Further, the controller 400 makes the image formation motor M3 perform rotation driving through the driver 403 to drive the transfer belt 216 at the constant velocity Vs. Further, the controller 400 makes the exposure motor M1 perform rotation driving through the driver 403 so that a writing velocity of an electrostatic latent image on the photosensitive drum 212 in each of the process cartridges 211 after a start of exposure substantially corresponds to the velocity Vs of the transfer belt 216. Note that the writing velocity of an electrostatic latent image on the photosensitive drum 212 is calculated by the controller 400, based on a result of reading a velocity stabilization control patch, not illustrated, on the transfer belt 216 before image formation, and is set according to conditions recorded in the ROM 401.

Next, the controller 400 outputs an exposure start signal to the driver 403 (S6). Consequently, the exposure motor M1 performs rotation driving by control by the driver 403 to start to form an electrostatic latent image on the photosensitive drum 212 of each of the process cartridges 211. Then, after toner images formed on the photosensitive drums 212 start to be transferred to the transfer belt 216, the controller 400 outputs a sheet refeeding start instruction signal to the driver 403 so that the registration roller 240 is driven and rotated through the driver 403 to start to convey the sheet P.

At this time, the controller 400 output the sheet refeeding start instruction signal at a timing that allows the toner images formed on the transfer belt 216 to be transferred to the sheet P detected by the registration sensor S1, at the secondary transfer portion 201D. Consequently, the sheet P conveyed from the registration roller 240 reaches the secondary transfer portion 201D, and is conveyed to the fixing portion 201E while secondary transfer is performed to the sheet P.

Next, the controller 400 determines whether or not a predetermined period of time Tin has elapsed from a time of the output of the exposure start signal (S7).
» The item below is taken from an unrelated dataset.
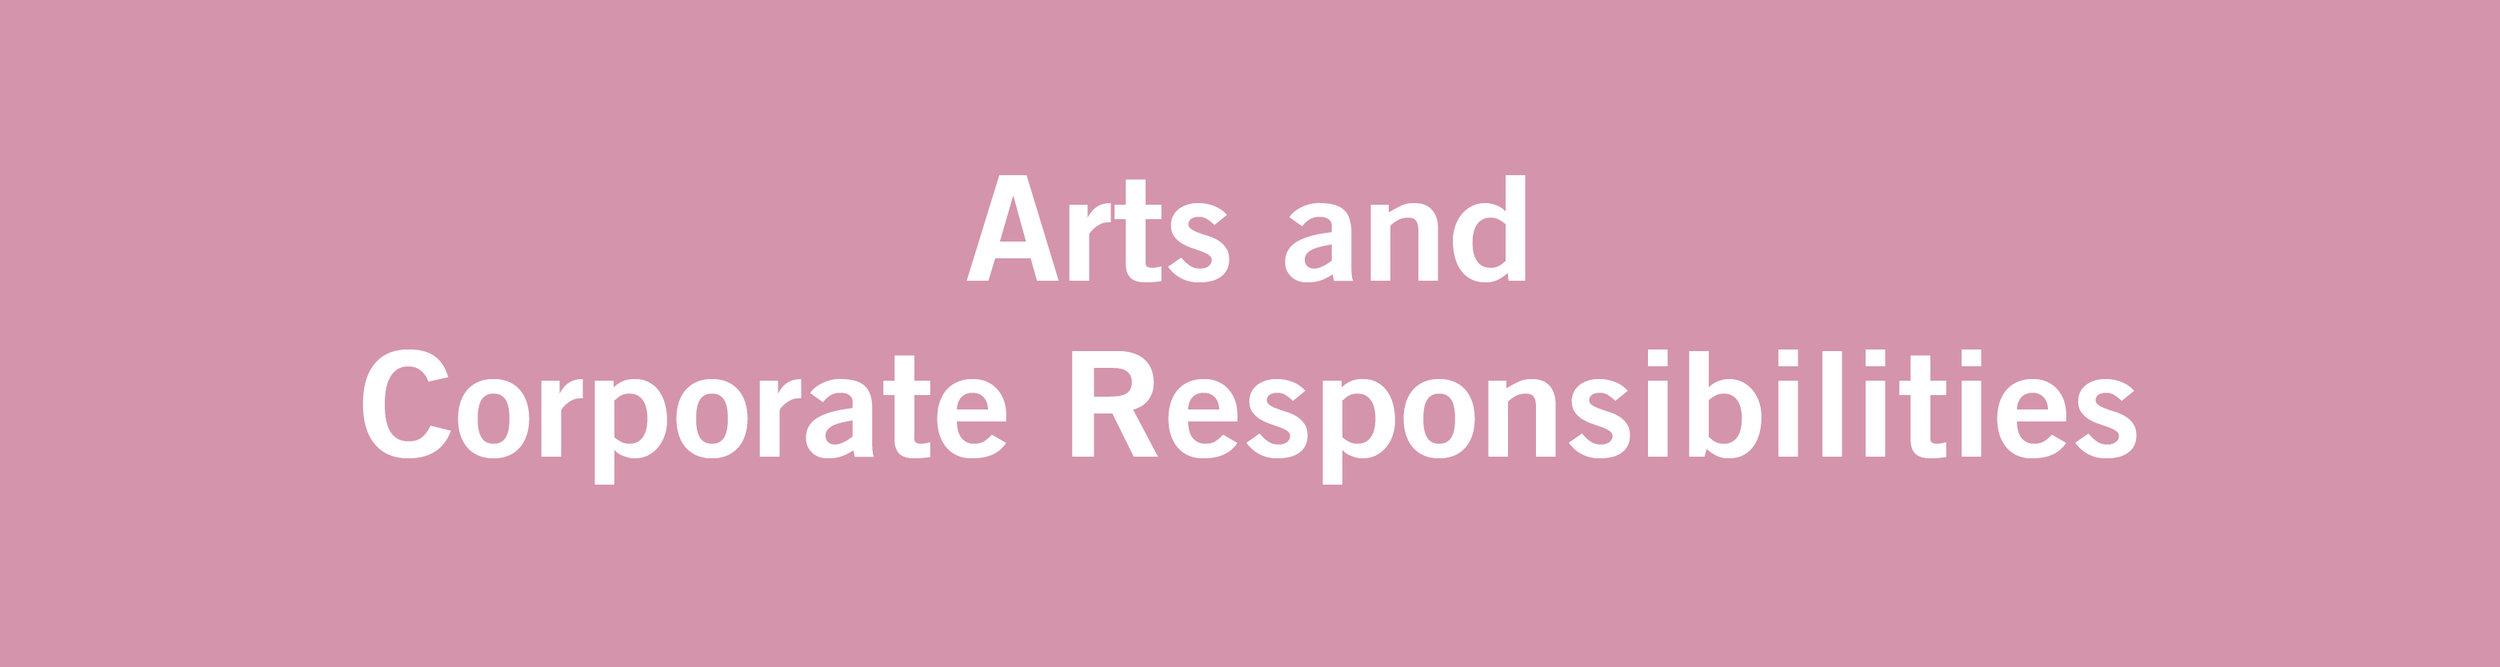 Arts Corportate-01.jpg

Here, a time of a lapse of the predetermined period of time Tin from the time of the output of the exposure start signal is a point after a front end, in the conveyance direction, of the sheet P (hereinafter, simply described as the “front end of the sheet P”) passing through the secondary transfer portion 201D, and before the front end of the sheet P reaching the fixing nip portion of the fixing portion 201E.

If the predetermined period of time Tin has not elapsed (S7: No), the controller 400 repeats the processing of step S7.
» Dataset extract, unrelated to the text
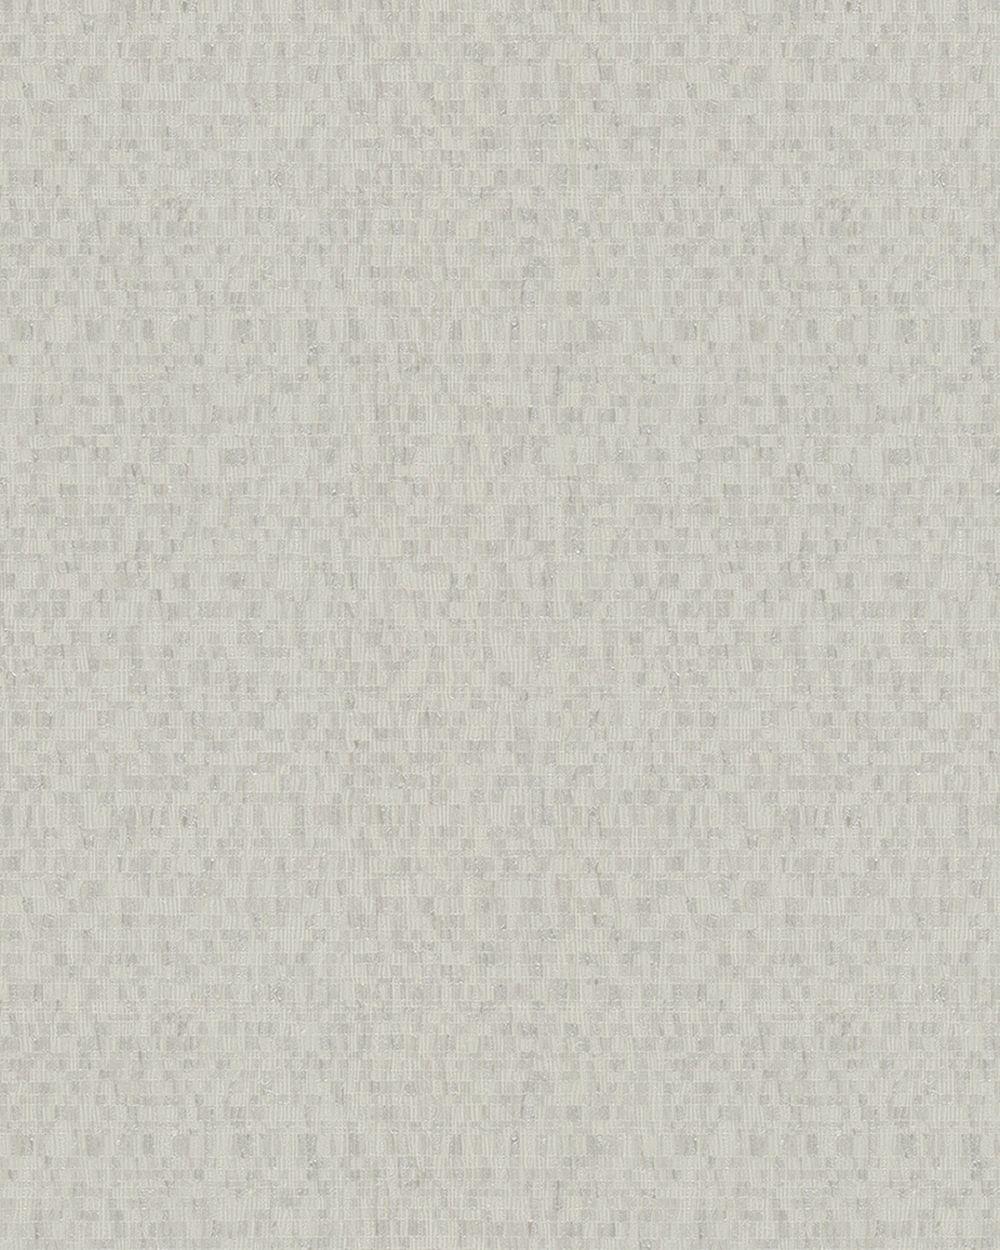 Vliestapete design muster beigegrau silber glanz marburg 59349 for Vliestapete muster

On the other hand, if the predetermined period of time Tin has elapsed (S7: Yes), the controller 400 changes a rotational speed of the fixing motor M4 into a rotational speed Rin stored in the ROM 401 to switch the fixing conveyance velocity from the velocity Vm to a velocity Vin (S8).

Here, the velocity Vin is set to a velocity slower than the velocity Vm, as illustrated in FIG. 6, and slower than the velocity Vs of the transfer belt 216 so that a loop is formed in the sheet P between the secondary transfer portion 201D and the fixing portion 201E. Due to the forming a loop in the sheet P, the sheet P is not pulled by the fixing portion 201E, and a secondary transfer image is not distorted.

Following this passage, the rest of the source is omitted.